Les Chroniques de Lucullus n°481
Amis gourmands bonjour,
Ploïdie – Triploïde
La ploïdie est un terme de biologie faisant référence au nombre de chromosomes contenu dans le noyau des cellules vivantes ; les chromosomes étant eux-mêmes constitués de milliers de gènes (caractères tels que la couleur de la coquille, la forme...) qui sont transmis lors de la reproduction.
On parle alors de jeux de chromosomes, dont le nombre varie selon les espèces, mais qui sont généralement présents sous la forme d'une paire (2n).
Un jeu étant d'origine mâle et l'autre femelle, c'est-à-dire provenant de chacun des deux parents.
Chez l'homme il y en a 23+23 (soit 46), chez l'huître 10+10 (soit 20).
On dit alors n=23 ou n=10. Les organismes à 2n chromosomes sont appelés diploïdes.
Mais il arrive que le nombre de jeux de chromosomes soit plus élevé, par exemple 3n (alors appelé Triploïdes), 4n (tétraploïdes)... Il s'agit alors d'organismes polyploïdes.
L’Ifremer a contribué au lancement de la production au début des années 2000, puis, en 2007, a déposé un brevet intitulé “Obtention de mollusques bivalves tétraploïdes à partir de géniteurs diploïdes” qui porte notamment sur les huîtres et les moules.
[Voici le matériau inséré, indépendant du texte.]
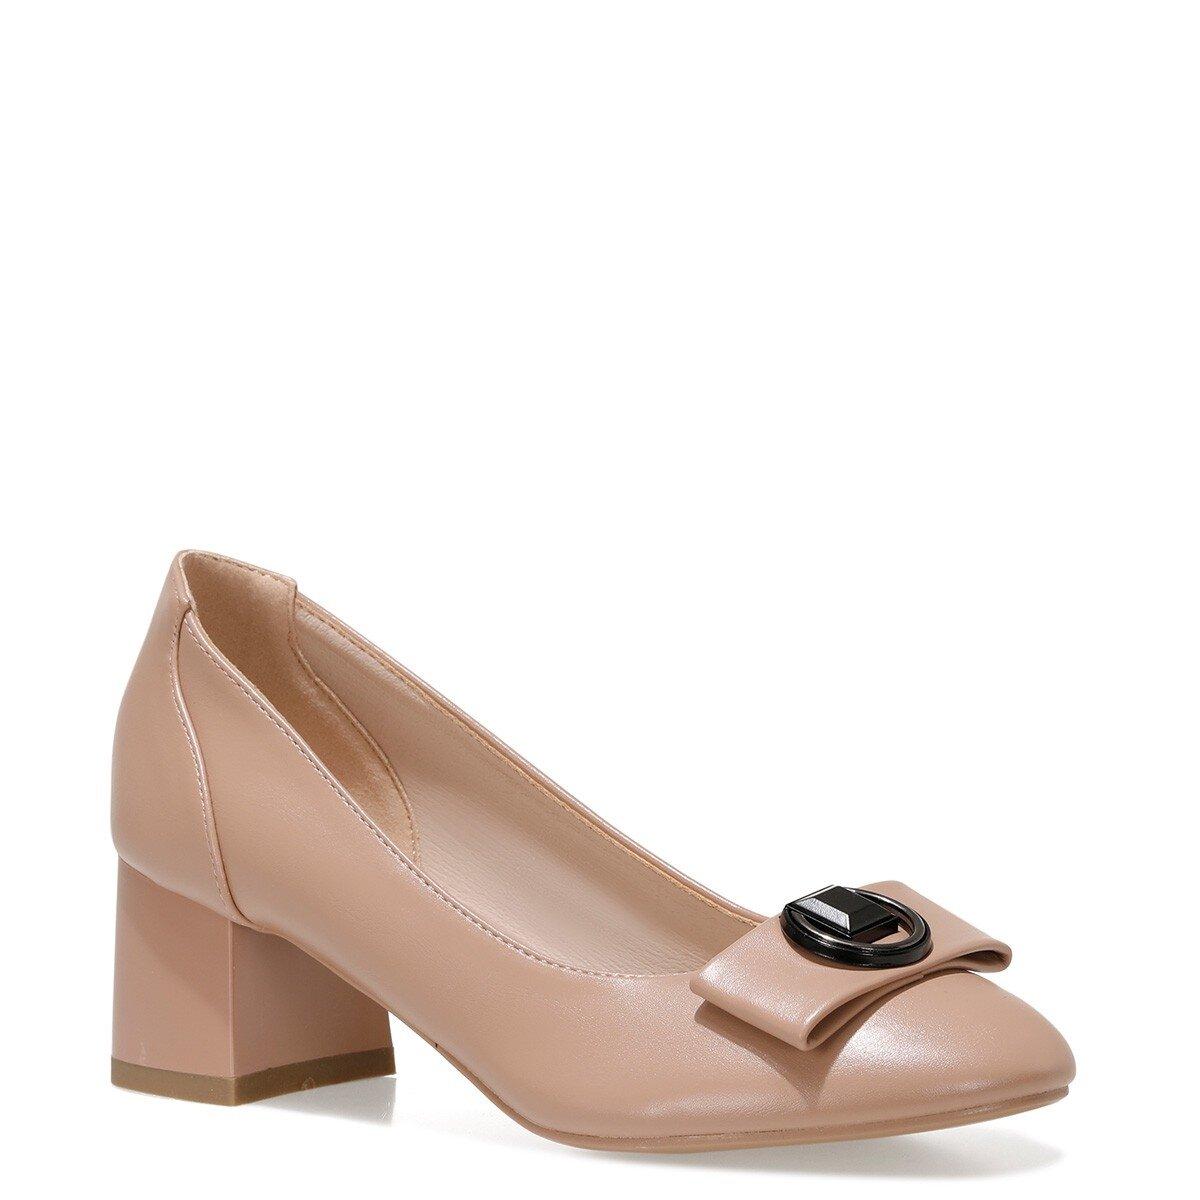 JODEE 1FX Pudra Kadın Topuklu Ayakkabı
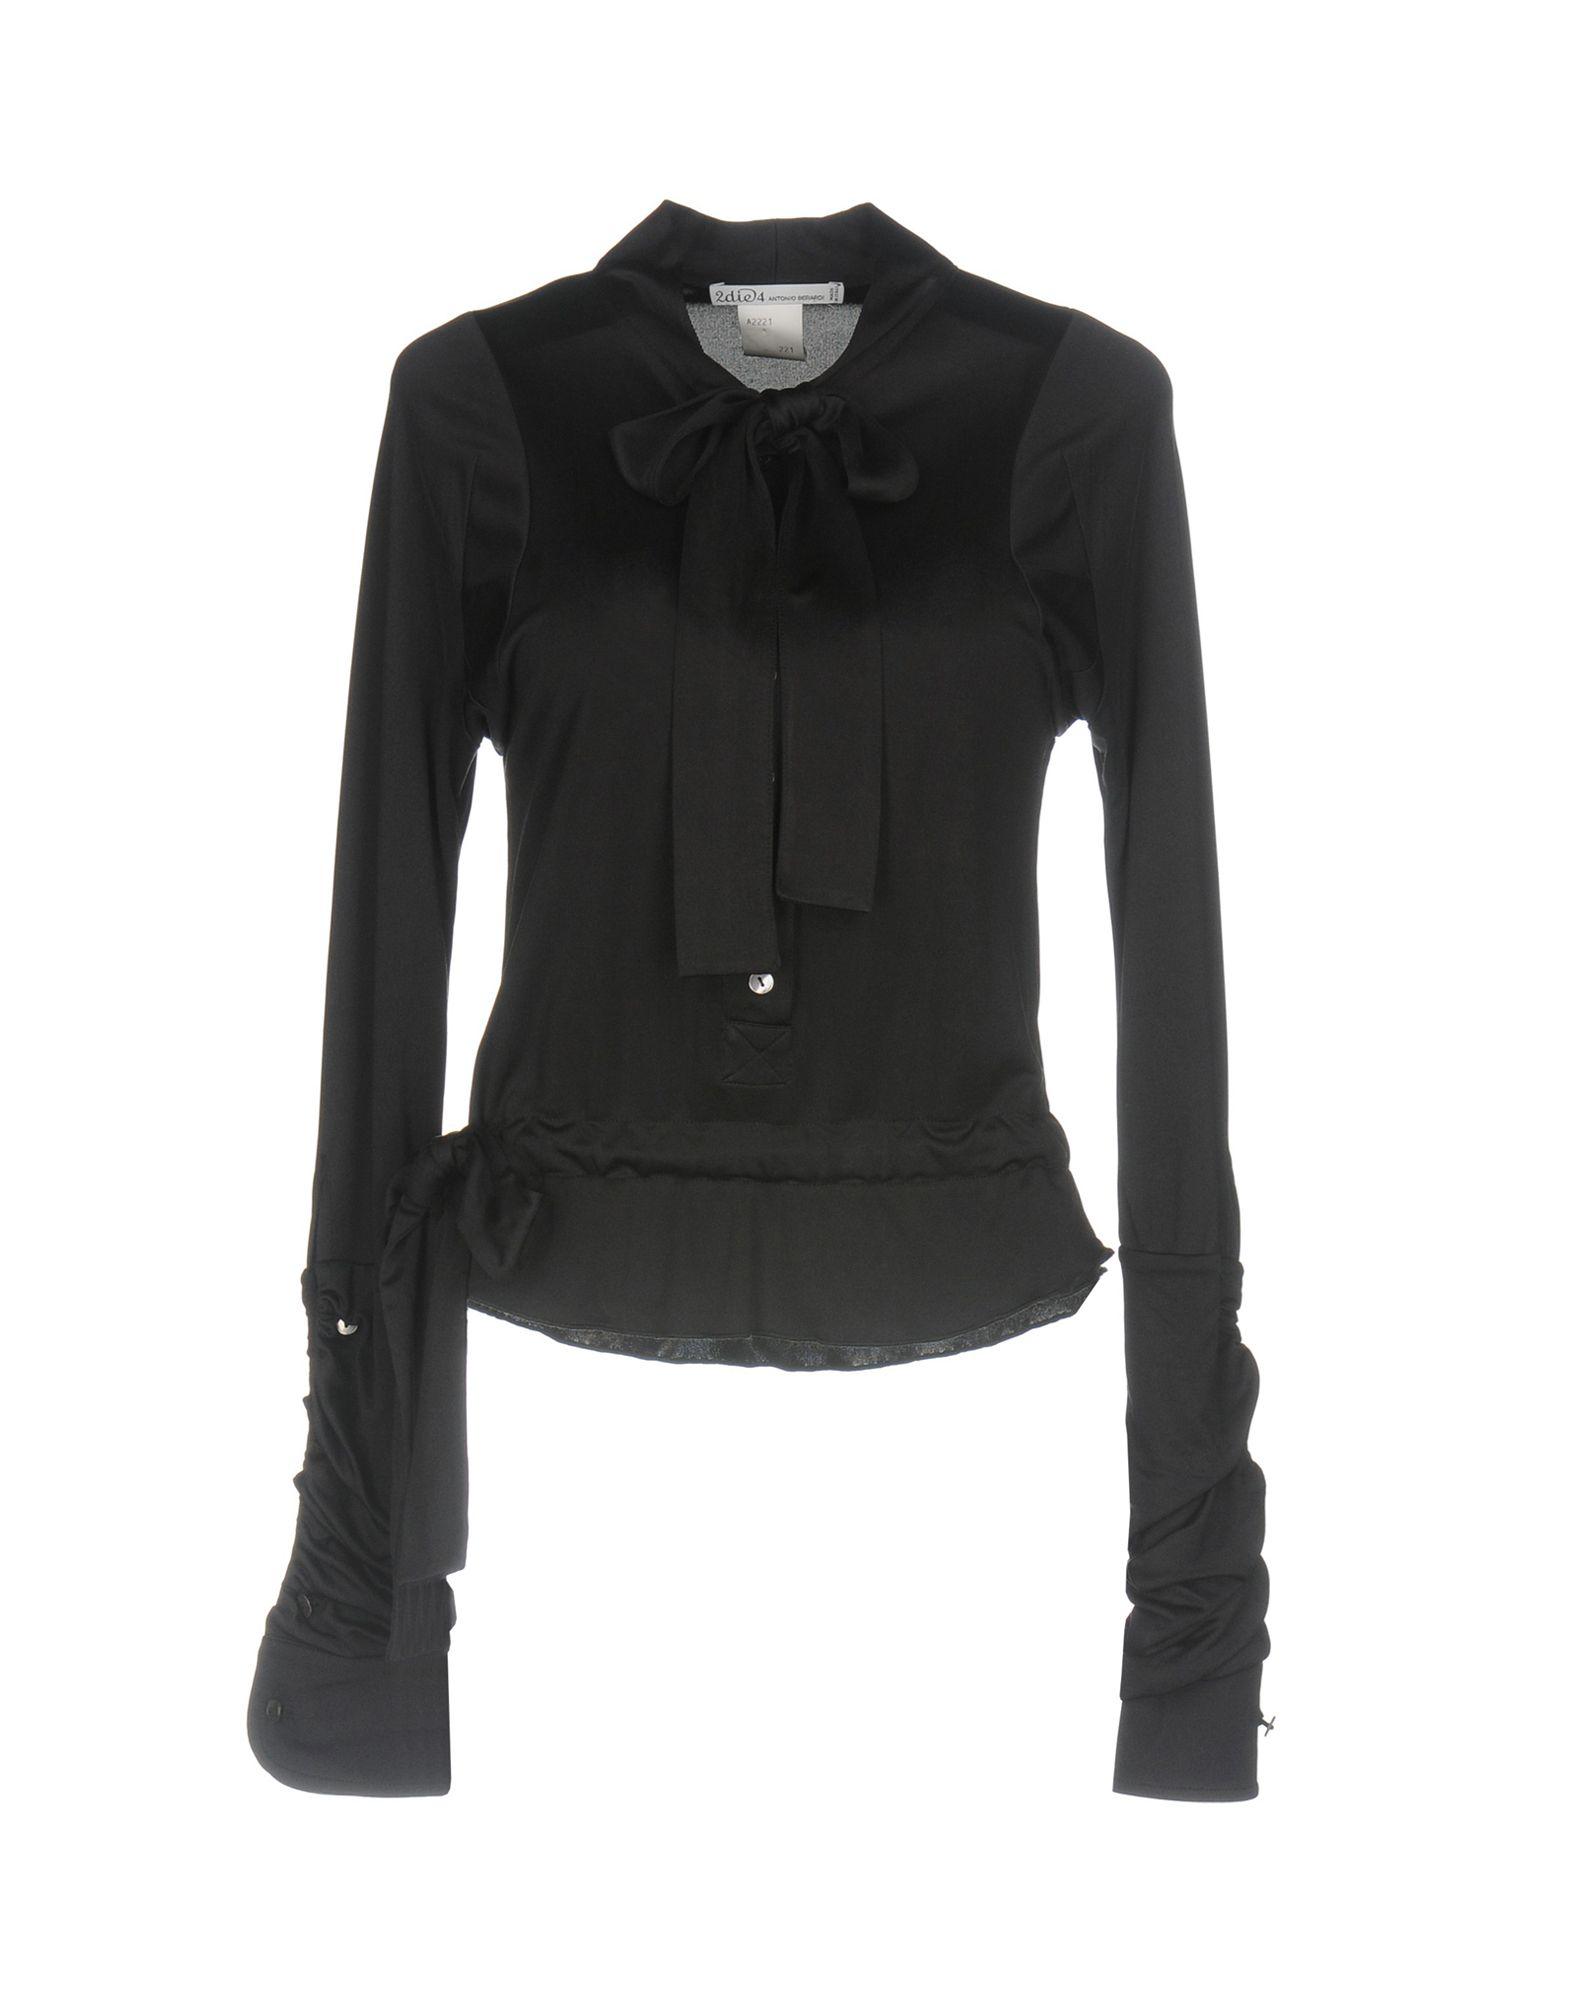 Camicie E Bluse Con Fiocco 2Die4 Antonio Berardi Donna - Acquista online su ABKS0asWKk

Car ce sont les souches à quatre jeux d’ADN, fertiles, qui, par croisement avec des souches diploïdes, génèrent des triploïdes.
Les huîtres triploïdes ne sont pas des OGM, leur patrimoine génétique n’étant pas affecté. L’Ifremer gère en exclusivité un cheptel de 150 géniteurs tétraploïdes, qui reste confiné dans son laboratoire de La Tremblade (Charente-Maritime). Ces géniteurs sont mis à la disposition des écloseurs pour effectuer les croisements.
Deux méthodes de modification
La première méthode consiste à produire des gamètes à 2n chromosomes (au lieu de n pour un gamète normal), via un choc chimique ou physique (notamment thermique).
La fécondation de ces gamètes avec avec un gamète classique à n chromosomes (haploïde) donne une huître triploïde à 3n chromosomes.
La deuxième méthode, brevetée en 1996 aux Etats-Unis, et actuellement prédominante, consiste à féconder un ovule triploïde (3n chromosomes), résultant donc d’une première manipulation, avec un spermatozoïde haploïde (n). Les huîtres obtenues (4n) croisées avec des diploïdes, donnent naissance à des larves triploïdes, sans mortalité, de qualité uniforme et en théorie stériles.
l’Inra précise dans un avis de 2004 que si quelques huîtres tétraploïdes s’échappaient des écloseries, cela entraînerait « en une dizaine de générations, le basculement vers une population exclusivement tétraploïde ».
Des risques évalués avec des données lacunaires
En 2001, l’Agence française de sécurité sanitaire des aliments (Afssa) a, dans un avis, répondu à la question de " l’équivalence des huîtres triploïdes par rapport à des organismes diploïdes ou “sauvages”.
Tout d’abord, elle rappelle que "près de la moitié des espèces végétales sont polyploïdes" mais que "la polyploïdie naturelle est plus rare chez les animaux".
Actuellement, seules les huîtres et les truites sont modifiées pour devenir triploïdes.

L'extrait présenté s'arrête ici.